Resolving deltas: 100% (225/225), done.
➜  hip-nvidia
➜  hip-nvidia find ./ -name "nvidia_hip_runtime.h"
./hipother/hipnv/include/hip/nvidia_detail/nvidia_hip_runtime.h
➜  hip-nvidia find ./ -name "nvidia_hip_runtime.h"
➜  hip-nvidia ./clr/build/install/bin/hipcc ./MatrixMul.cpp -I./hipother/hipnv/include
➜  hip-nvidia ./a.out
Device name NVIDIA GeForce RTX 3070
Running 1 iterations
hipLaunchKernel 0 time taken: 12.0893
hipLaunchKernel BEST TIME: 12.0893
GPU real time taken(ms): 13.4561
matrixMultiplyCPUReference time taken(ms): 3233.36
Verification PASSED!
mredenti commented 2 weeks ago

I really do not understand why has this been moved to a separate lonely repo... AMD please fix your documentation as well

mangupta commented 2 weeks ago

I checked https://github.com/ROCm/HIP/blob/develop/docs/install/build.rst#building-the-hip-runtime.
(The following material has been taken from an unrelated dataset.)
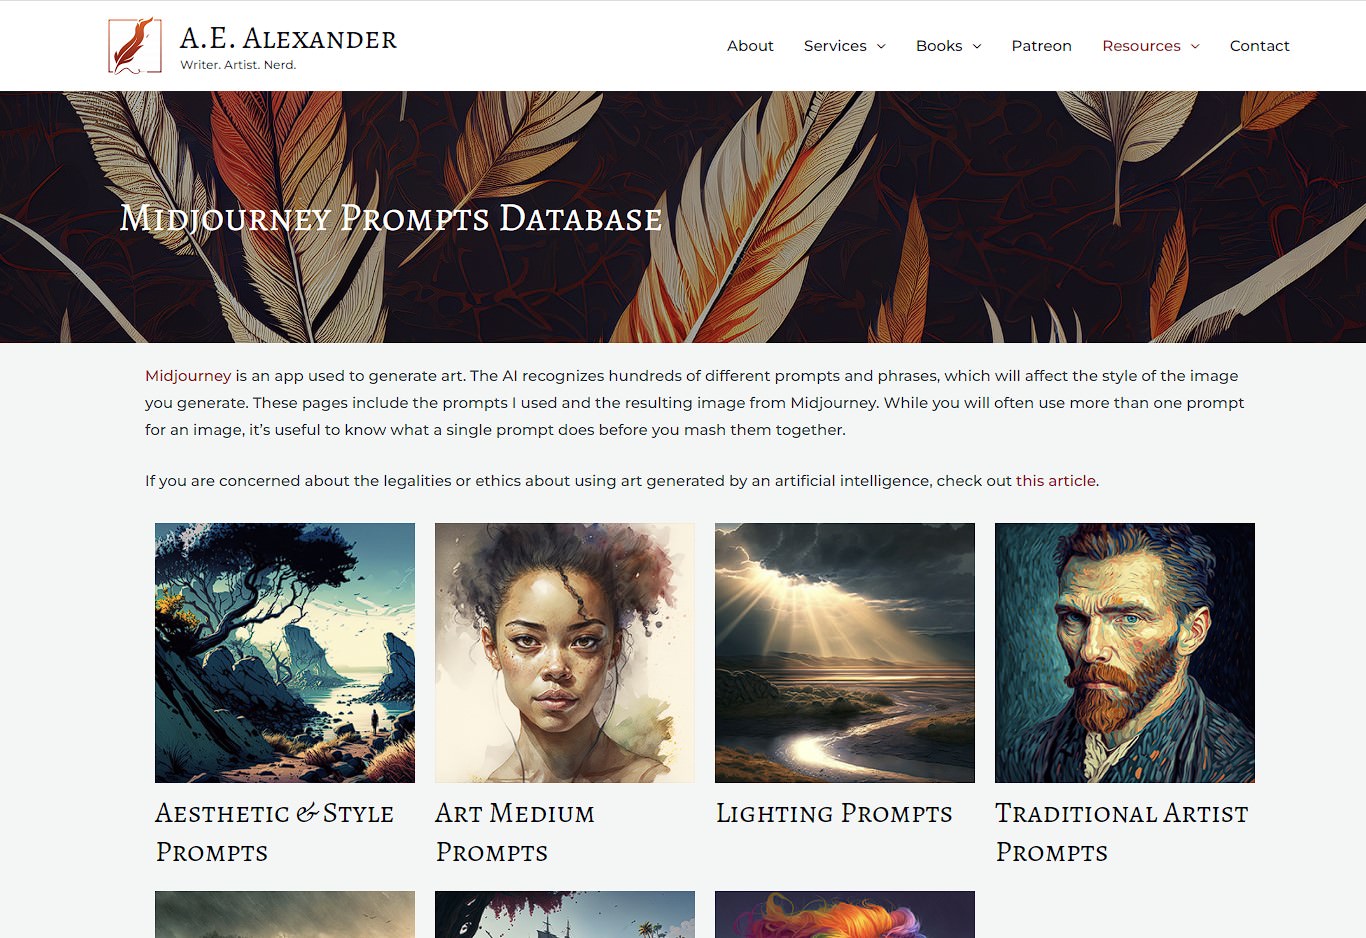 Midjourney Prompt Resources - A E Alexander's Midjourney Prompts

It mentions - Starting in ROCM 6.1, a new repository ``hipother`` is added to ROCm, which is branched out from HIP. ``hipother`` provides files required to support the HIP back-end implementation on some non-AMD platforms, like NVIDIA. I do see some formatting issues with the content which we will correct. Could you point to the link which you are referring to so that we can ensure that any bad copies can be removed?

mredenti commented 2 weeks ago

I checked https://github.com/ROCm/HIP/blob/develop/docs/install/build.rst#building-the-hip-runtime. It mentions - Starting in ROCM 6.1, a new repositoryhipotheris added to ROCm, which is branched out from HIP.hipotherprovides files required to support the HIP back-end implementation on some non-AMD platforms, like NVIDIA. I do see some formatting issues with the content which we will correct. Could you point to the link which you are referring to so that we can ensure that any bad copies can be removed?

https://rocm.docs.amd.com/projects/HIP/en/docs-6.0.0/developer_guide/build.html#:~:text=All%20tests%20passed-,Build%20HIP%20on%20NVIDIA%20platform,-%23

mangupta commented 2 weeks ago

@mredenti : That link is only valid for ROCm 6.0. Since you are using the a newer source you should refer the latest build instructions (https://rocm.docs.amd.com/projects/HIP/en/latest/install/build.html) or ROCm 6.1 build instructions (https://rocm.docs.amd.com/projects/HIP/en/docs-6.1.0/install/build.html)